Segment Start: INFORMATION PROVIDED

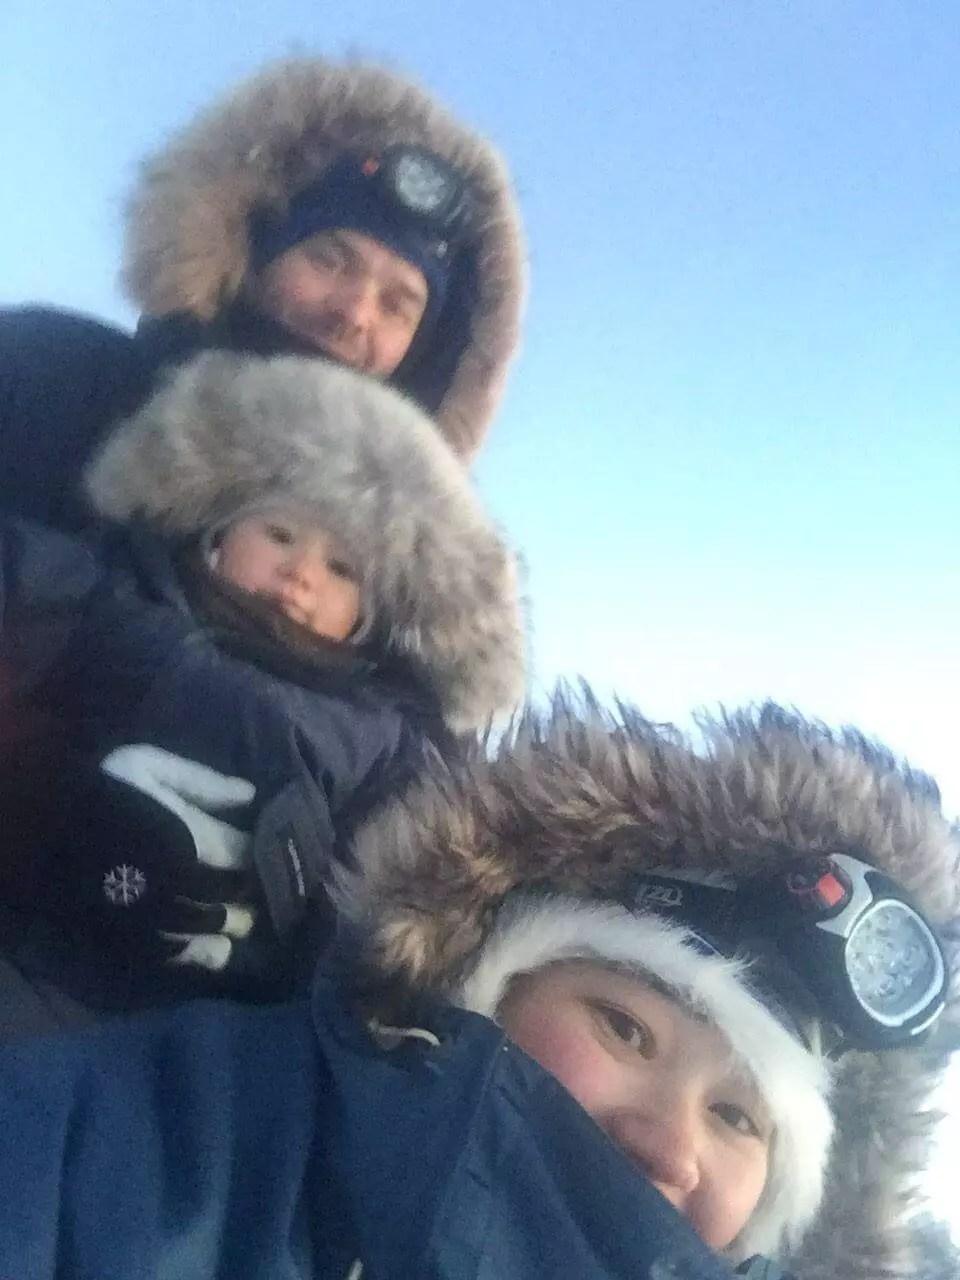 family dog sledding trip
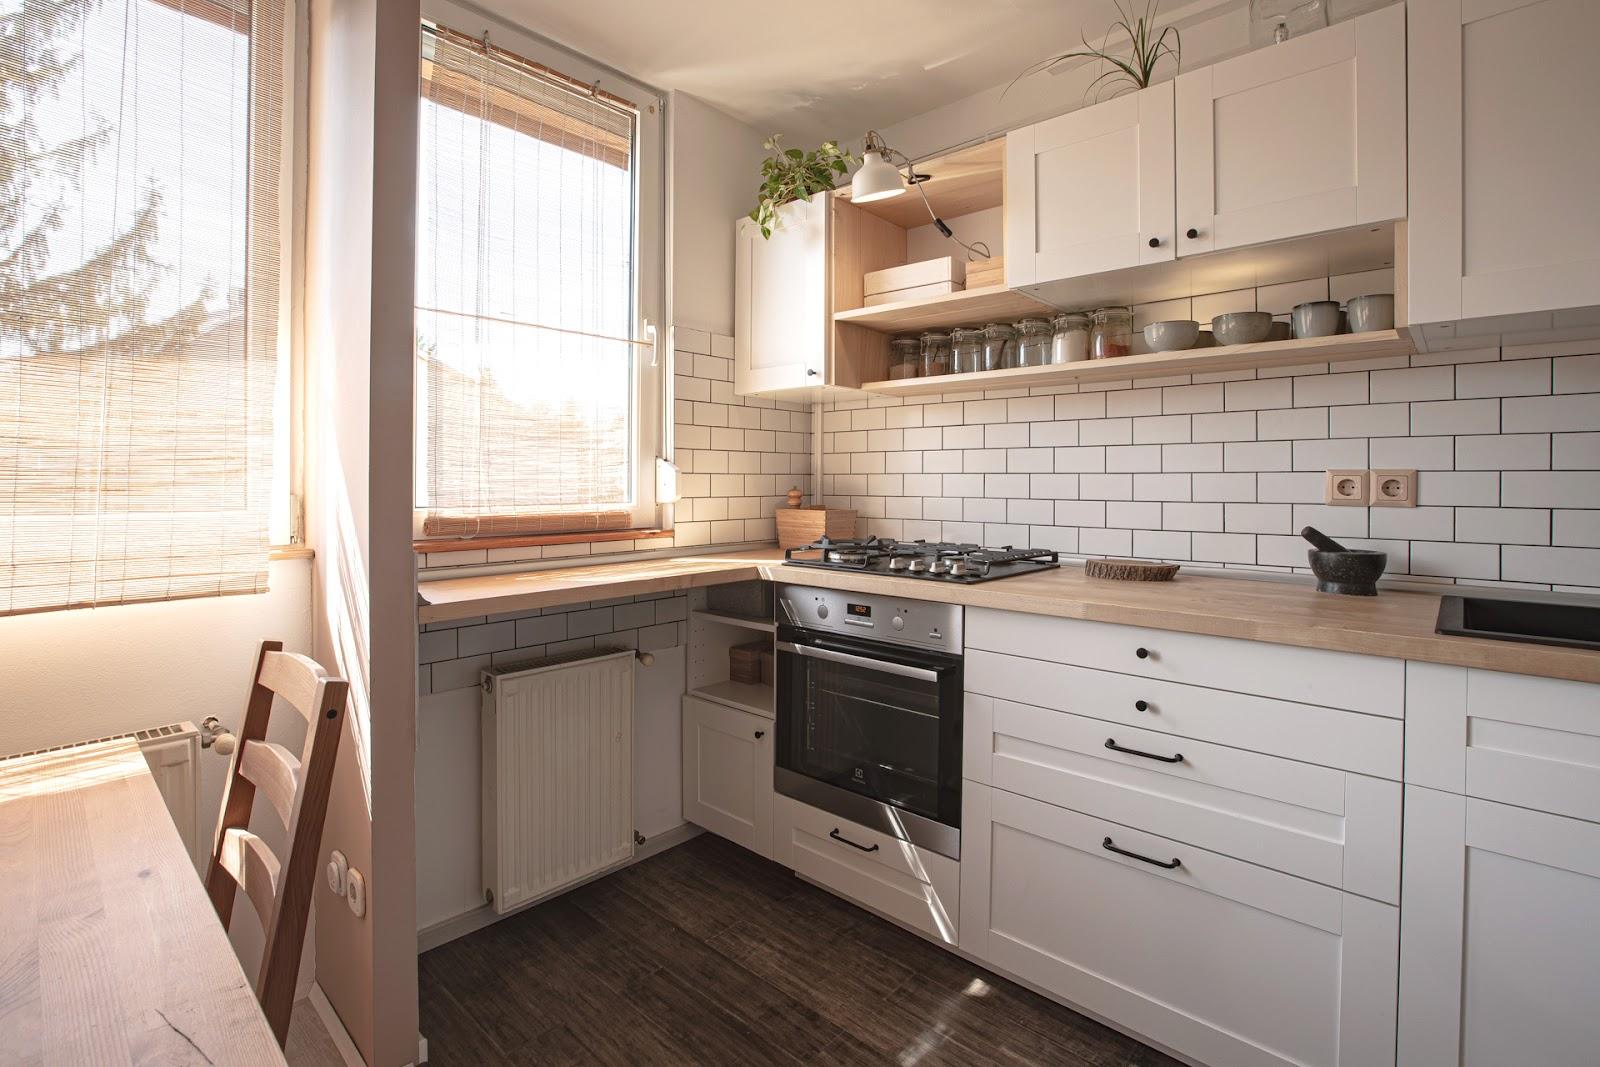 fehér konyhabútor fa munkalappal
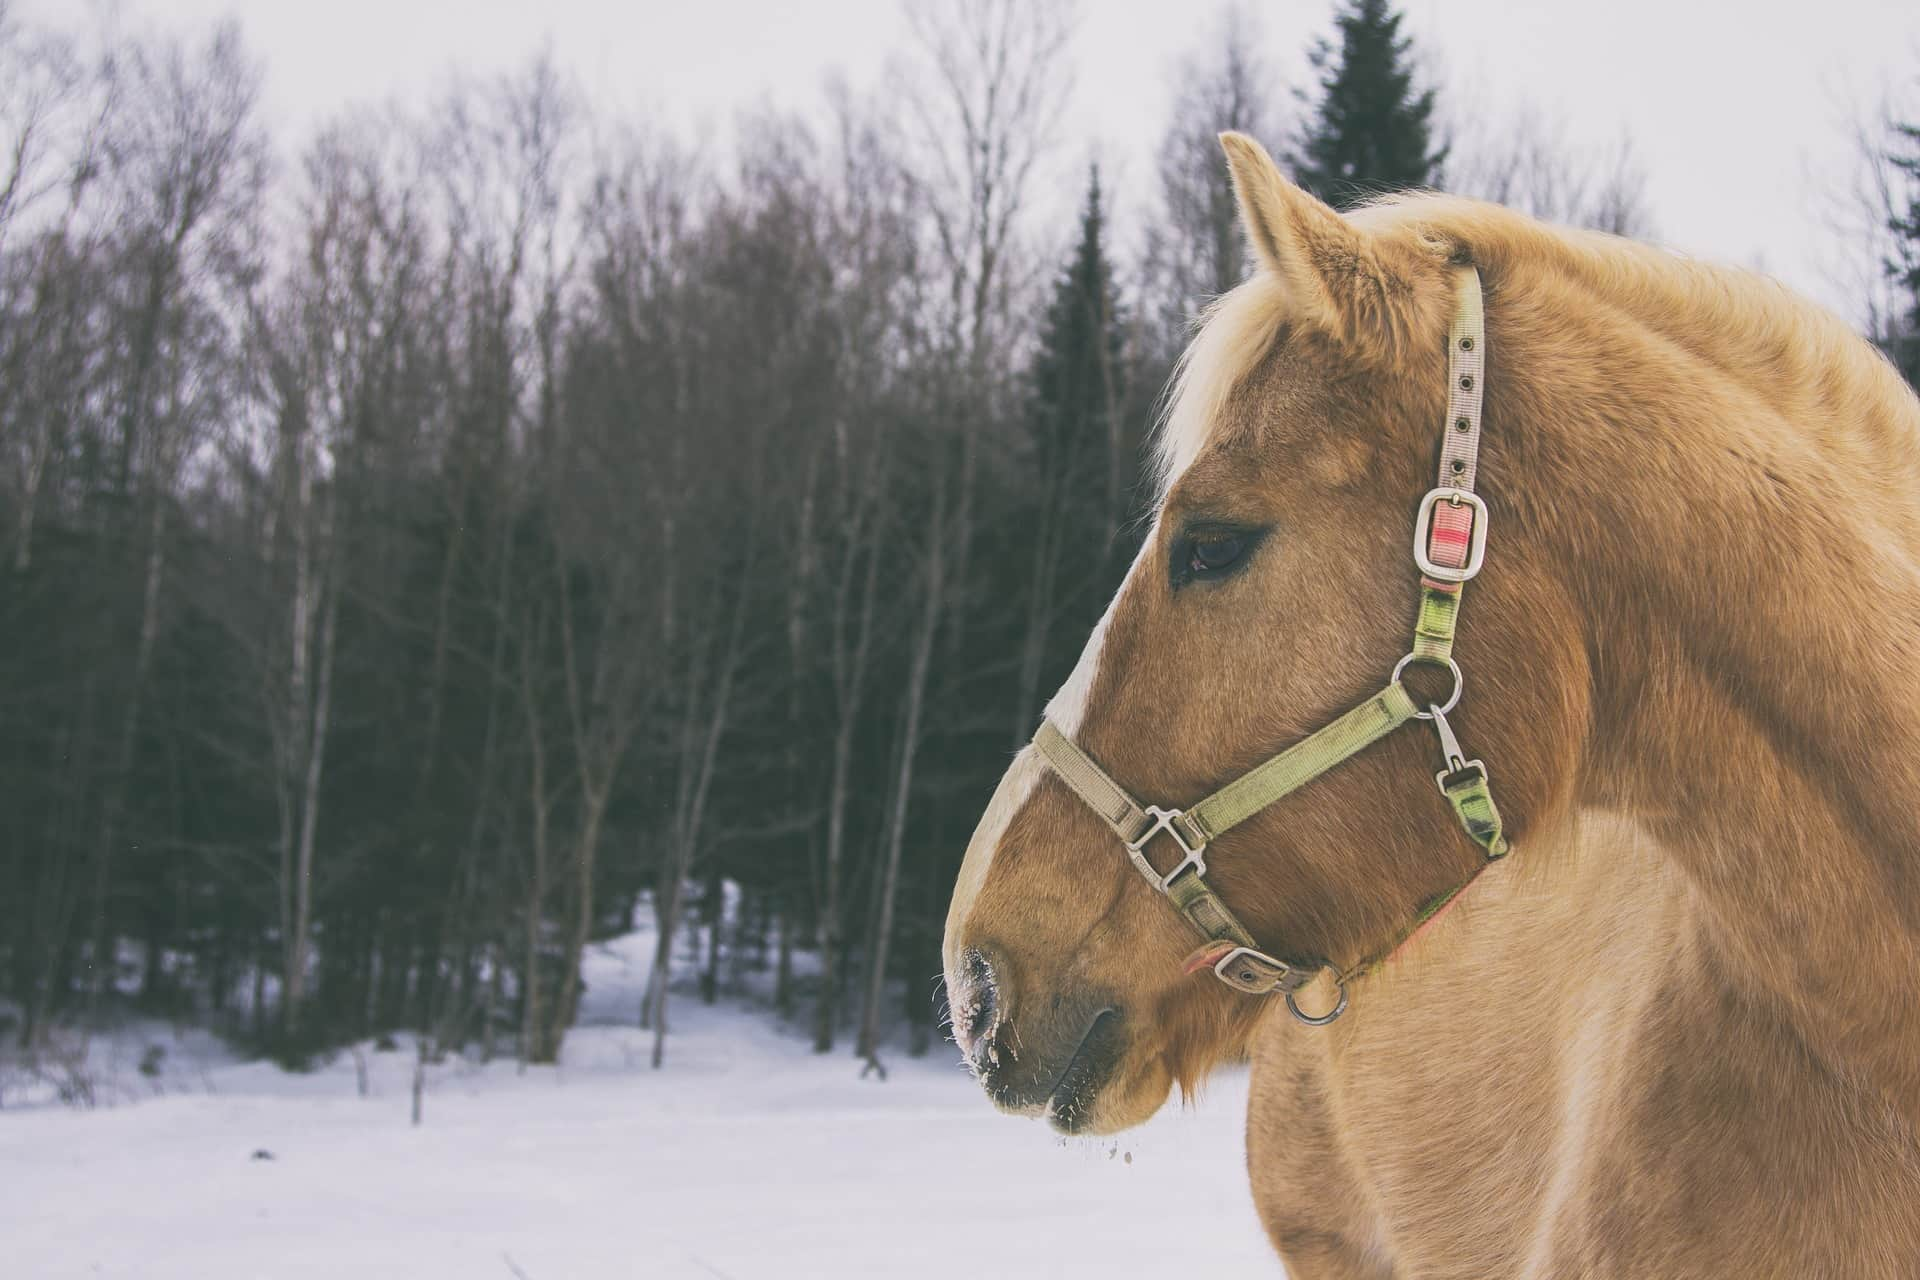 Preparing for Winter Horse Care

Segment End: INFORMATION PROVIDED

**TASK PROMPT:** Everything in the data except the pictures must be retyped exactly.

**EXERCISE RESPONSE:**
 family dog sledding trip
 fehér konyhabútor fa munkalappal
 Preparing for Winter Horse Care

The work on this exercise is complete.